§ **EXERCISE DATA**:
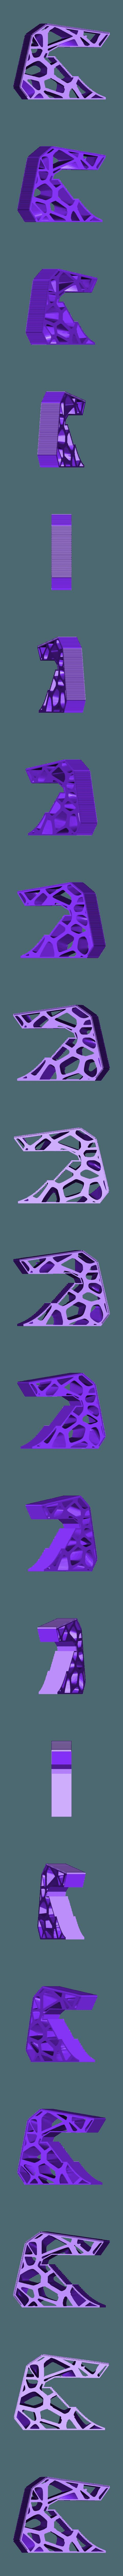 architecture example 4.stl Download STL file 3D printable architectural exhibition model 04 • 3D printer template, euroreprap_eu
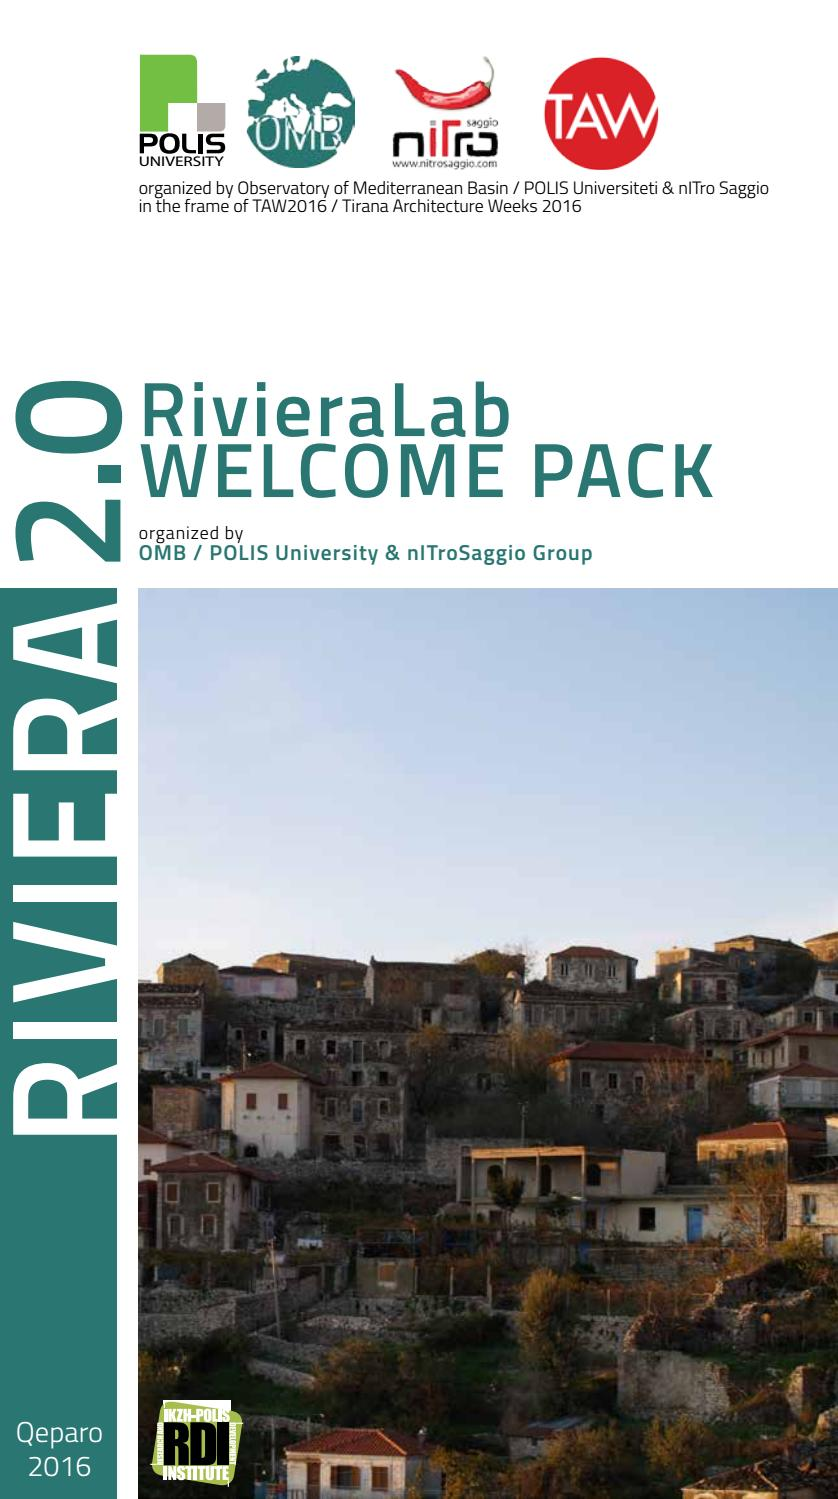 Rivieralab2016 welcomepack by POLIS University - issuu
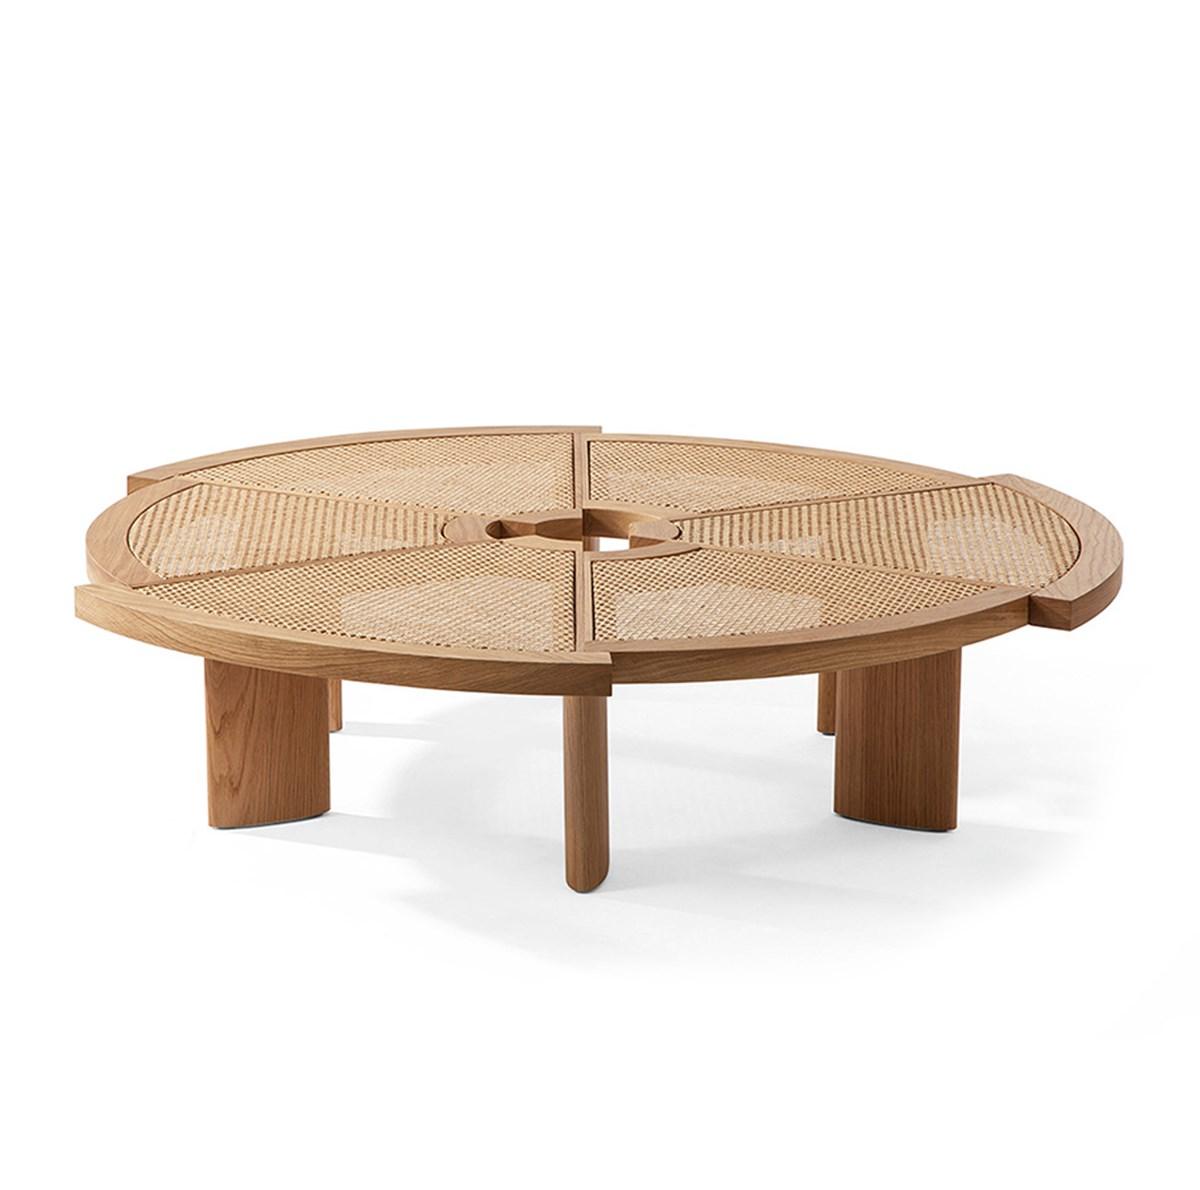 Cassina-Charlotte-Perriand-Rio-Table-Matisse-1

§ **TASK STATEMENT**: For this exercise, output only the lines from the one bearing "Rivieralab2016 welcomepack by" to the end of the material above, exactly as written, with pictures left out.

§ **TASK SOLUTION**:
 Rivieralab2016 welcomepack by POLIS University - issuu
 Cassina-Charlotte-Perriand-Rio-Table-Matisse-1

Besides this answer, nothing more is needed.